→ **TASK OBJECTIVE**:
Will you return, word for word, only the lines from the top of the data below down to and including the one with "MARVEL COMICS AMAZING"?

(Stored entries)
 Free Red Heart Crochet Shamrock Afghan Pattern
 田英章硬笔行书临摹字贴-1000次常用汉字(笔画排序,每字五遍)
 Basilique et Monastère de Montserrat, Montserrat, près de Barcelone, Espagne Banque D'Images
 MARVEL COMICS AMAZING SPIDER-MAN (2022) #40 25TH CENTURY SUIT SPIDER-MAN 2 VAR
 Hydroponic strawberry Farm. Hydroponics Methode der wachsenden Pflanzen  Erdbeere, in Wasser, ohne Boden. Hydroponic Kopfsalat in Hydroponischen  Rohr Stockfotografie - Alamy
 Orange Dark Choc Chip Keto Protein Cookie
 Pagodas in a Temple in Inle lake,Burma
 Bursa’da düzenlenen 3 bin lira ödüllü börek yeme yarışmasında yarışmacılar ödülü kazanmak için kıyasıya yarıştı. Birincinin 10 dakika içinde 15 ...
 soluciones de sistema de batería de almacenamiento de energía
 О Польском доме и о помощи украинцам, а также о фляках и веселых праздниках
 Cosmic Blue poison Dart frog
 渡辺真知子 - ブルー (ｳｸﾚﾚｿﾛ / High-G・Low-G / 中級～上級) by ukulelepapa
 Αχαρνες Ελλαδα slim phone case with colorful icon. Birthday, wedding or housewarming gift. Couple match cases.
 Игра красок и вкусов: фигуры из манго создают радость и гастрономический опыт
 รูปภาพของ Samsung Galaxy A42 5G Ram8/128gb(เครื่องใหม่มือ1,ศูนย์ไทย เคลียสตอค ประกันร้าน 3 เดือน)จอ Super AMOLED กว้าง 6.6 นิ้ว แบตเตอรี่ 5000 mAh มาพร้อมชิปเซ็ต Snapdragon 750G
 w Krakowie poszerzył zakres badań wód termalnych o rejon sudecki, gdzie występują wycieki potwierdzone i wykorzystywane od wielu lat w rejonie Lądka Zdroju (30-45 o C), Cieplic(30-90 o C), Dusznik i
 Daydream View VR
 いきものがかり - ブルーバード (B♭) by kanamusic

→ **ANSWER SPACE**:
 Free Red Heart Crochet Shamrock Afghan Pattern
 田英章硬笔行书临摹字贴-1000次常用汉字(笔画排序,每字五遍)
 Basilique et Monastère de Montserrat, Montserrat, près de Barcelone, Espagne Banque D'Images
 MARVEL COMICS AMAZING SPIDER-MAN (2022) #40 25TH CENTURY SUIT SPIDER-MAN 2 VAR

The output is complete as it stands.